Esto no es indiferencia; es sentido estratégico e histórico.
12a Incorporar la diáspora haitiana a la ecuación haitiana
Ninguna estrategia hacia Haití será viable sin considerar a su diáspora, principal sostén económico informal del país.
Las remesas se han estabilizado, pero sin construir la sociabilidad estatal del país.
Es necesario inducir su canalización hacia empleo productivo formal e inversión transparente.
Sin integrar a la diáspora, Haití seguirá dependiendo de flujos sin responsabilidad política ni institucional.
Sin embargo, un Estado moderno de derecho es más que la suma de tantas buenas intenciones.
Criterios mínimos de éxito
Una política responsable se mide por resultados verificables, no por declaraciones:
- Reducción de territorios bajo control armado no estatal;
- Funcionamiento continuo de infraestructuras críticas;
- Aumento de la inversión extranjera;
- Creación sostenida de empleo productivo formal;
- Disminución de cruces fronterizos irregulares; y,
- Cooperación internacional condicionada a resultados.
Sin métricas fiables, toda política degenera en retórica.
Colofón: realismo estratégico, sin culpa ni autoengaño
Haití no puede ser salvado desde fuera. Su recuperación, si ocurre, será lenta, parcial y necesariamente liderada por haitianos; de lo contrario, no ocurrirá.
La responsabilidad de la República Dominicana no es redimir, ni sustituir, ni administrar el colapso ajeno, sino proteger su propia estabilidad, contener los efectos del derrumbe y crear incentivos estrictos —no morales— para el orden interno haitiano.
Las naciones no fracasan por falta de discursos correctos, sino por la incapacidad de tomar decisiones incómodas a tiempo. Eludirlas, bajo la coartada del humanitarismo o del repliegue defensivo, solo posterga y agrava los costos.
Realismo no es cinismo: es gobierno. Todo lo demás es retórica.
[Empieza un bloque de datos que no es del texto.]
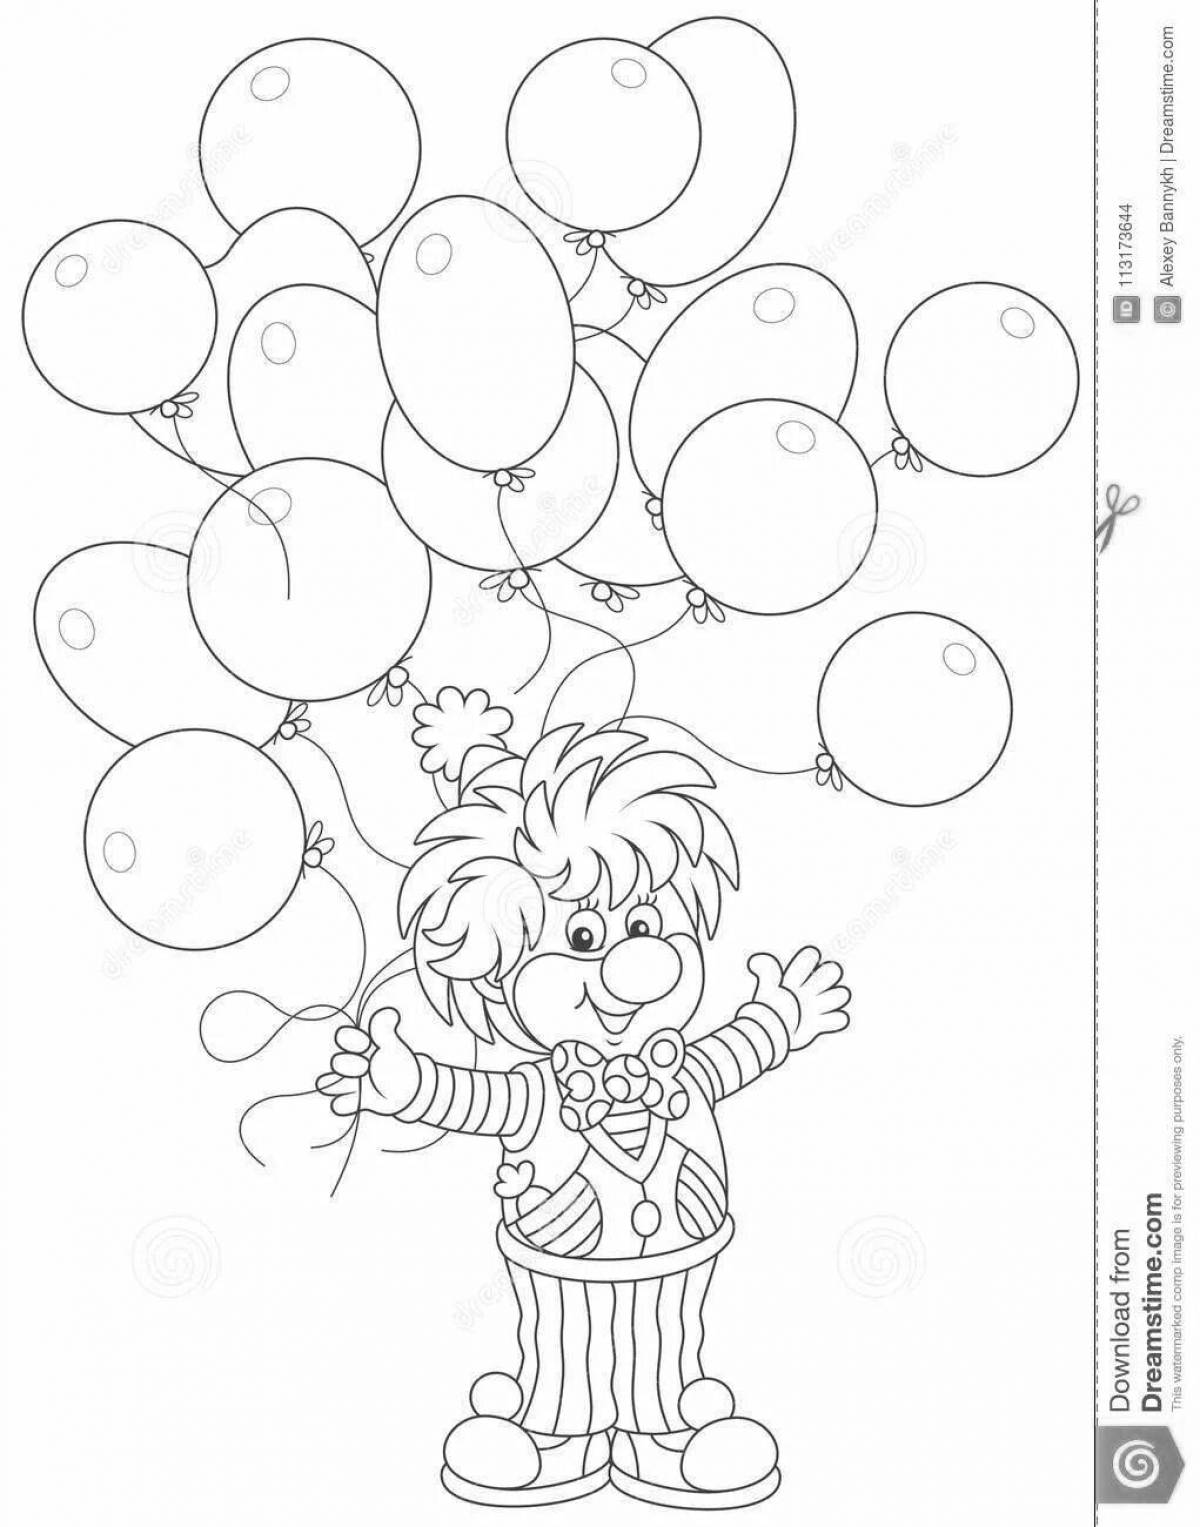 Glitter balloon clown

Para evitar esa vacuidad, es preciso asumir que quien más respaldo recibe, más responsabilidades debe asumir. De ahí que la política dominicana deba equilibrar sus alianzas geopolíticas en el Hemisferio americano y, en relación con Haití, exigir reciprocidades concretas y subordinar todo su apoyo a resultados verificables.
Haití —y su entorno inmediato— ya han pagado demasiado caro el desbarajuste prolongado. Persistir en la división, indiferencia e indefinición no es neutralidad: es complicidad pasiva.
La anarquía nunca es fértil. Siempre es mala hierba y peor porvenir: Haití no es Taiwán, ni Groenlandia; ignorarlo ha sido, hasta ahora, la forma más cara de equivocarse.